In order to be considered potentially suitable, admissions could not involve escalation of care, rapid response evaluation, in-hospital death, telemetry, surgical procedure, consultation to a procedural service, advanced imaging, transfusion, restraints, and nasogastric tube placement.
A multivariable logistic regression model was used to explore baseline variables that could potentially predict potential suitability for hospital at home.
A total of 3322 admissions between January 1, 2015, and June 12, 2019 were analyzed. These patients had solid-tumor malignancies and unplanned admissions. Of the patients analyzed, 905 patients were potentially suitable for hospital at home.

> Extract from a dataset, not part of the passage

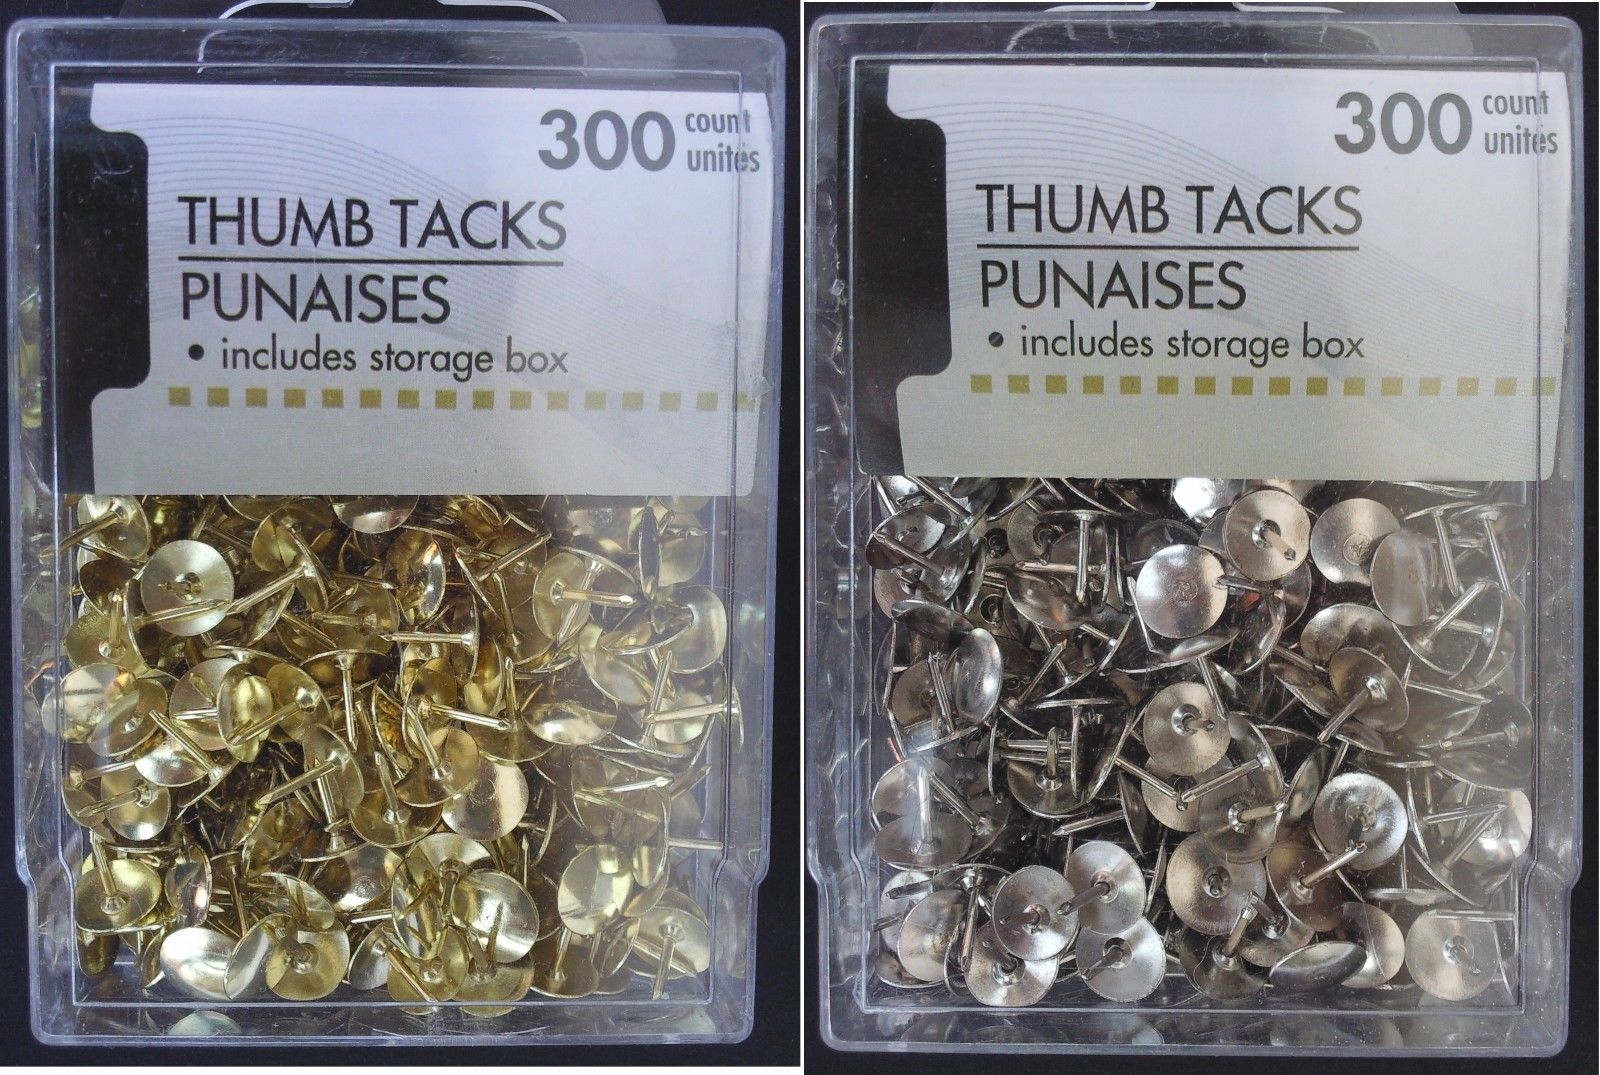 METAL THUMB TACKS IN SNAP-LOCK STORAGE BOX Select Gold or Silver 300 Count/Box - $2.99

Overall 13 factors predicted potential suitability for hospital at home in the deviation cohort (n = 1,097). These included admission source; temperature and respiratory rate at presentation; hemoglobin; breast cancer, GI cancer, or malignancy of secondary or ill-defined origin; admission for genitourinary, musculoskeletal, or neurologic symptoms, intestinal obstruction or ileus, or evaluation of secondary malignancy; and emergency department visit in prior 90 days.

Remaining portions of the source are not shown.